Misclassifying a bad credit risk as good (false positive) is particularly costly as it can lead to loan defaults, while misclassifying a good applicant as bad (false negative) results in lost business opportunities.

# Unsupervised Learning and Data Preprocessing

In [None]:
import pandas as pd
import numpy as np
from scipy.io import arff
import matplotlib.pyplot as plt
import seaborn as sns
from sklearn.model_selection import train_test_split
from sklearn.preprocessing import StandardScaler, OneHotEncoder, LabelEncoder
from sklearn.impute import SimpleImputer
from sklearn.compose import ColumnTransformer
from sklearn.pipeline import Pipeline
from sklearn.linear_model import LogisticRegression
from sklearn.metrics import accuracy_score, f1_score, roc_auc_score

## 1. Load Data

In [None]:
# Load the ARFF file
data, meta = arff.loadarff('dataset_31_credit-g.arff')
df = pd.DataFrame(data)
#Getting rid of byte strings
for col in df.select_dtypes([object]):
    df[col] = df[col].str.decode('utf-8')
#print(df) #test to see if df works

# Feature Distribution Visualization

Visualizing the distribution of key features to understand the data.
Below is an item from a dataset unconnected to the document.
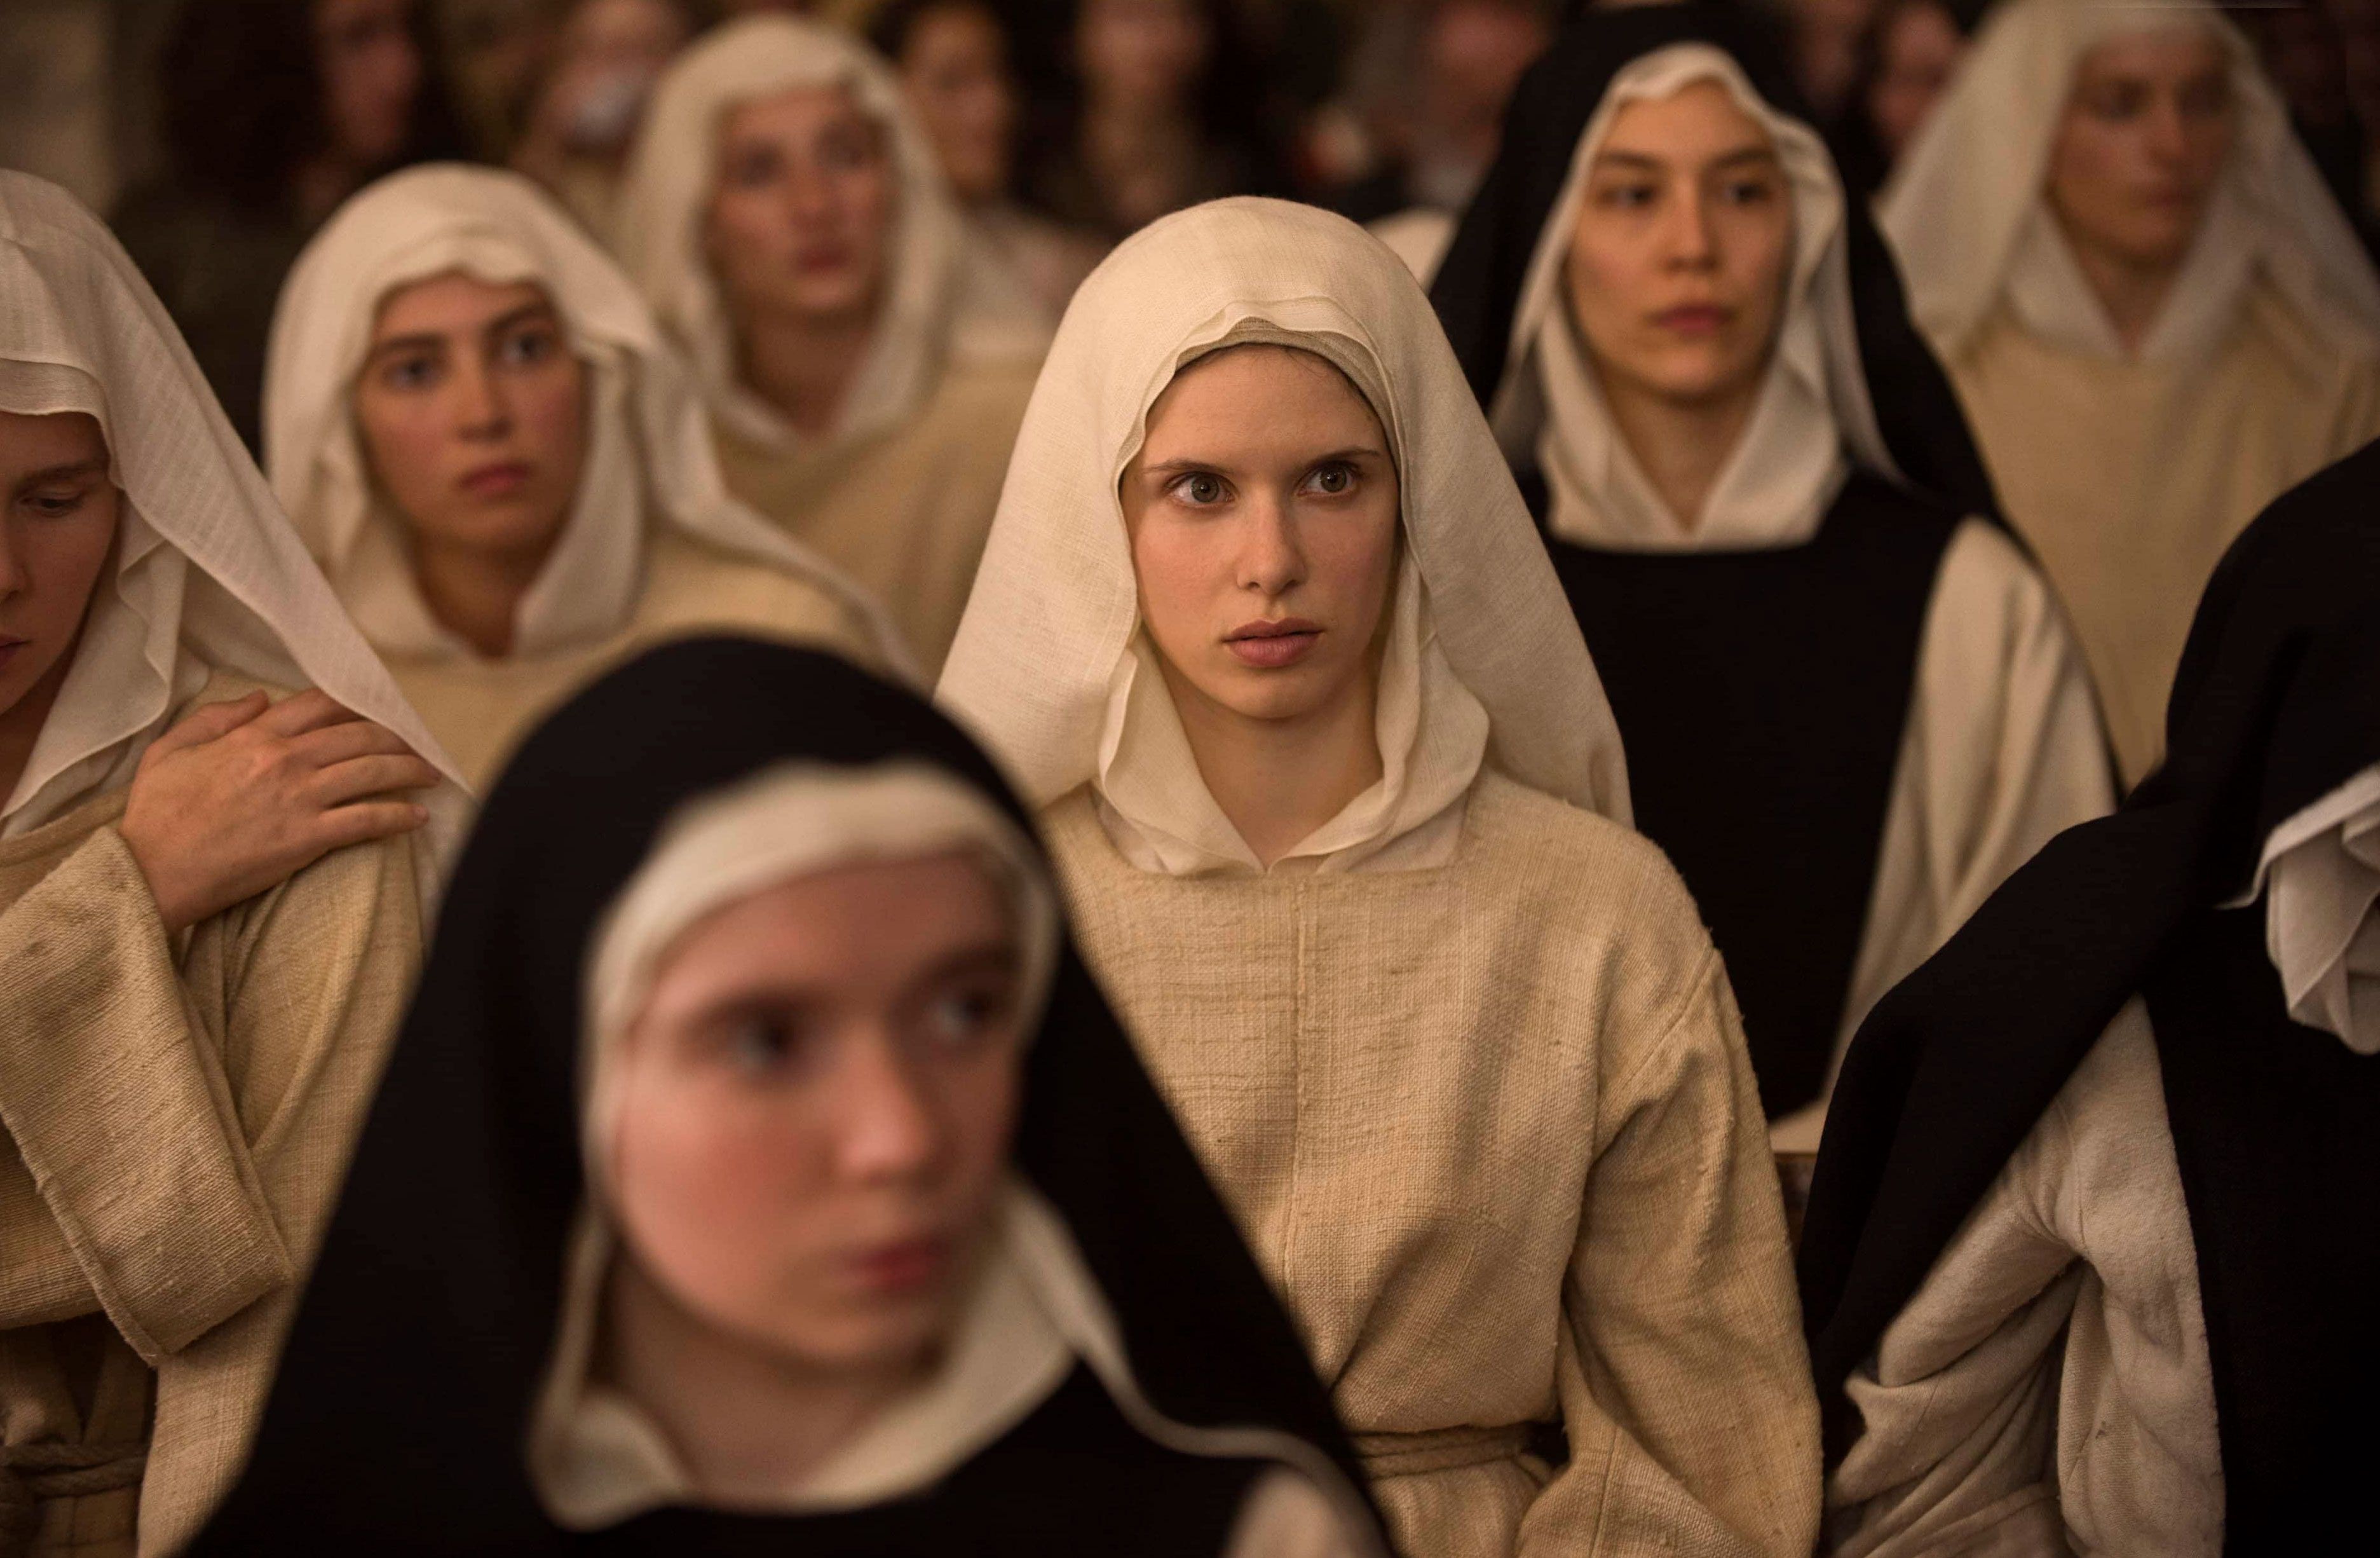 Wildest Moments from the Nunsploitation Movie Benedetta pic

## 1.1 Histograms of Key Numerical Features


In [None]:
DIVIDER = "==================================================="
#Interesting histograms
print(DIVIDER)
print("Histograms")
print(DIVIDER)
for col in df.columns:
    if col in ["duration", "credit_amount","age"]:
        plt.hist(df[col], bins=30, color='skyblue', edgecolor='black')
        plt.title(f"Distribution: {col}")
        plt.xlabel('Values')
        plt.ylabel('Frequencies')
        plt.show()


## 1.2 Correlation Matrix


In [None]:
#Correlation Matrix
print(DIVIDER)
print("Correlation Matrix")
print(DIVIDER)

numeric_df = df.select_dtypes(include=[np.number])
corr = numeric_df.corr()

sns.heatmap(corr, annot=False, cmap="coolwarm")
plt.title("Correlation Matrix")
plt.show()

## 1.3 Relationships with Target Variable


In [None]:
#Relationships with target variable
print(DIVIDER)
print("Relationship with target variable")
print(DIVIDER)
target_col = 'class'

# Separate numeric and categorical features
numeric_features = df.select_dtypes(include='number').columns
categorical_features = df.select_dtypes(exclude='number').columns

# Numeric features -> boxplot vs class
for feature in numeric_features:
    sns.boxplot(x=target_col, y=feature, data=df)
    plt.title(f'{feature} vs {target_col}')
    plt.show()

# Categorical features -> countplot vs class
for feature in categorical_features:
    sns.countplot(x=feature, hue=target_col, data=df)
    plt.title(f'{feature} vs {target_col}')
    plt.show()

# Data Preprocessing

This section covers the preprocessing steps needed for supervised modeling in Part C.

**Tasks:**
1. Handle missing values
2. Apply transformations (log1p) to skewed features
3. Encode categorical variables
4. Scale numerical features
5. Split data into Training (70%), Validation (20%), and Test (10%) sets


## 2. Exploratory Data Analysis
Checking for missing values

In [None]:
# Check for missing values
print("Missing values per column:")
print(df.isnull().sum())

## 3. Preprocessing

In [None]:
# Separate features and target
target_col = 'class'
X = df.drop(columns=[target_col])

# Encode target (good/bad) to 1/0
y = LabelEncoder().fit_transform(df[target_col])

### 3.1.1 Check Skewness

In [None]:
# Check skewness of numerical columns
numerical_cols_check = df.select_dtypes(include=['number']).columns
skewness = df[numerical_cols_check].skew()
print("Skewness of numerical features:")
print(skewness.sort_values(ascending=False))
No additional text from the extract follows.